Like No Other
Industrial Giant
In the early 1990s, the world witnessed the dissolution of a political and industrial empire. In the production of many mineral and agricultural resources, it was among the world’s leaders. Though marked by a uniformity of design, Soviet manufacturing continuously revealed impressive statistics of volume production. This demanded concentrated labor and equipment, concentrated into big cities. In this respect, the Soviet Union was no different from the United States, Europe, or Japan.
Urban Concentrations
By 1990, the U. S.S. R. had 52 cities with more than half a million inhabitants each.

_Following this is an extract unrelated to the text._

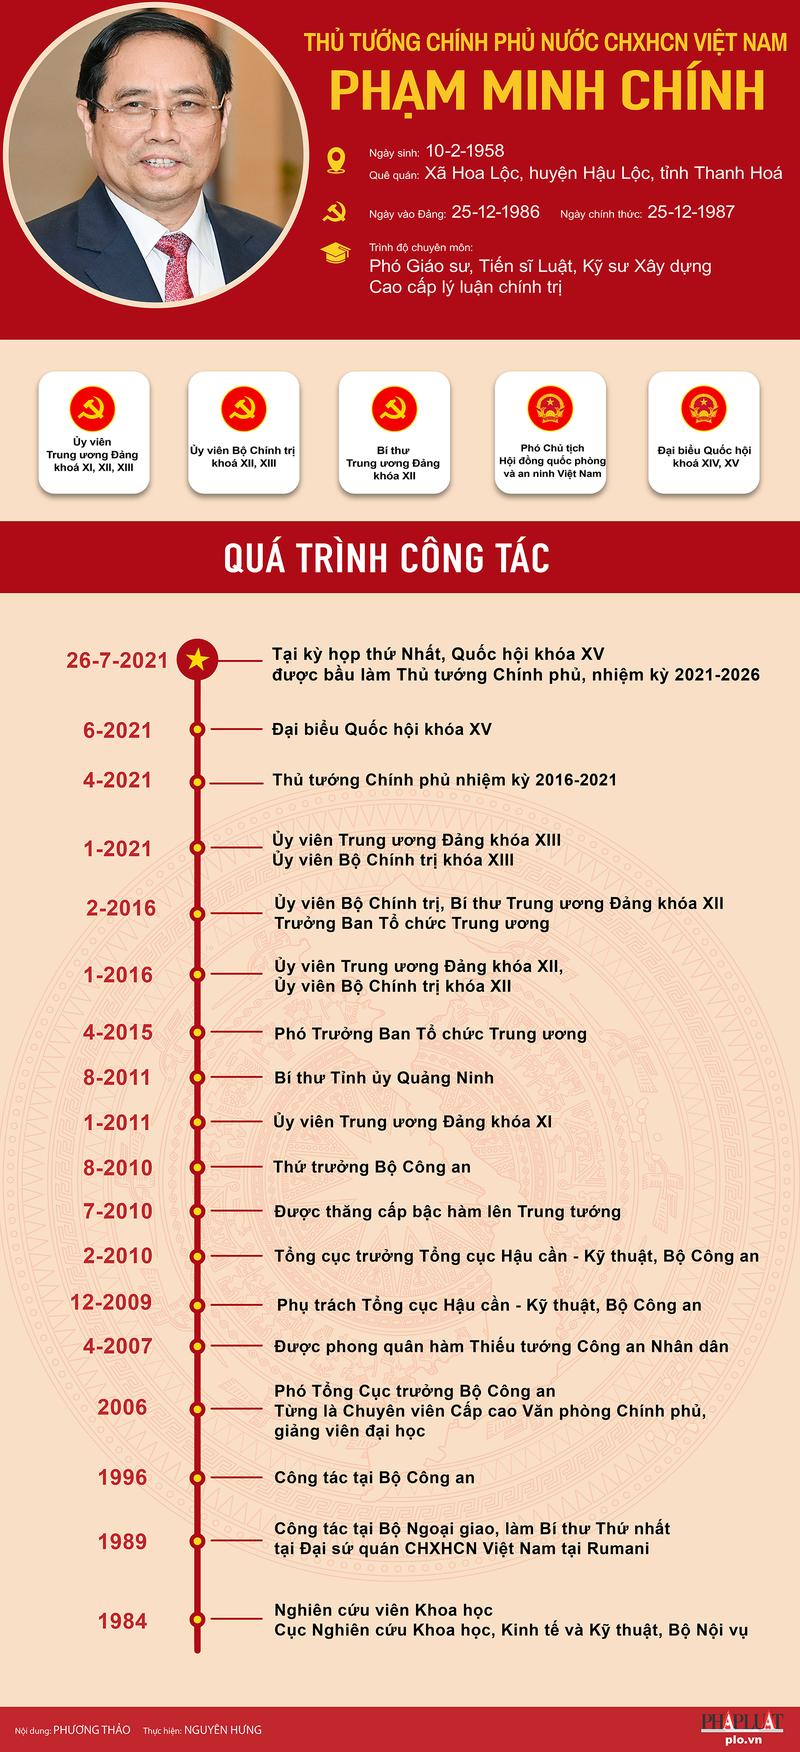 Ông Phạm Minh Chính tái đắc cử Thủ tướng Chính phủ - ảnh 3

About half of these had populations of more than a million. Leningrad had five million, and Moscow’s eleven ranked it among the top half dozen conurbations in the world. Thirty of the 52 are in Russia, a reminder that the new regime is still a powerful force in the industrial world. Nine are in Ukraine, which, of the breakaway republics, alone has a balanced economy of world stature.
Of great significance to Aeroflot is the geographical distribution of the urban concentrations. Of the 52 big cities, only 15 are more than 2,000km (l,250mi) and only three are more than 4,000km (2,500mi) from Moscow.
The domestic market for a long-range Ilyushin 11-86 is thus very small.
Conversely, only three major cities are within 400km (250mi) of Moscow, and only Gorki (Nizhni Novgorod) has more than one million people. It was the destination for Dobrolet’s first service in 1923, but is hardly a natural air route in the jet age.
St Petersburg (Leningrad), is connected to Moscow by a good railway service, with future high-speed rail potential.